The survey finds Millennials and women at the front edge of sustainable investing and sustainability. Millennial investors, in particular, index the highest of any demographic on these topics. Related findings from the survey include:

* Millennials are the most open to the idea of sustainable investing (84%) as compared to Gen X (79%) and Baby Boomers (66%)

* Millennials are twice as likely to both invest in companies or funds that target specific social/environmental outcomes and divest because of objectionable corporate activity

* Women are also leading the way, with 76% of surveyed investors showing interest in sustainable investing, compared to 62% of men

* Female investors are nearly twice as likely as male investors to consider rate of return as well as the impact of their investment when making an investment decision (40% vs. 23%).

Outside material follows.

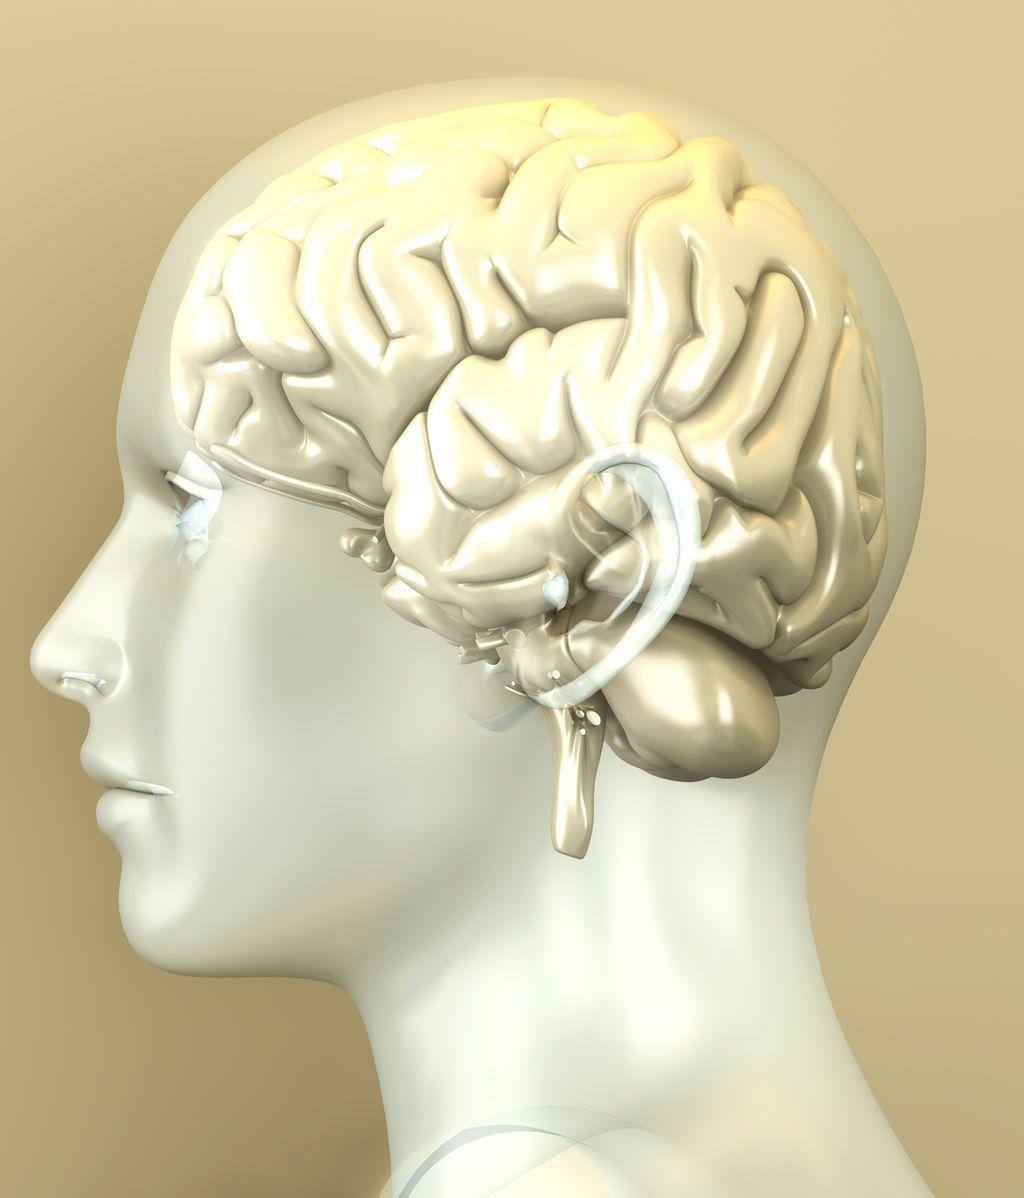 Descubren alteraciones en el 'cableado cerebral' de los pacientes con esquizofrenia

Results from the survey point to how individual investors already factor sustainability into their investment decisions and show that there is still room to grow. Related findings include:

* Nearly three out of four active individual investors (72%) believe that companies with good Environmental, Social and Governance (ESG) practices can achieve higher profitability and are better long-term investments

* Individual investors say that on average 46% of their total portfolio should be invested sustainably

* At the same time, investors are divided over the perception of sustainability and financial gains as being a trade-off (54% yes vs. 46% no).

“The survey shows that the perception of trade-off between profitable and sustainable investments is still a major barrier to the growth of the field – we and others trying to advance sustainable investing at scale have a job to do, demonstrating that it is possible to achieve positive impact and market-rate returns,” said Choi.

“Why does this matter? We believe that it is necessary to mobilize private capital at scale to address global challenges.”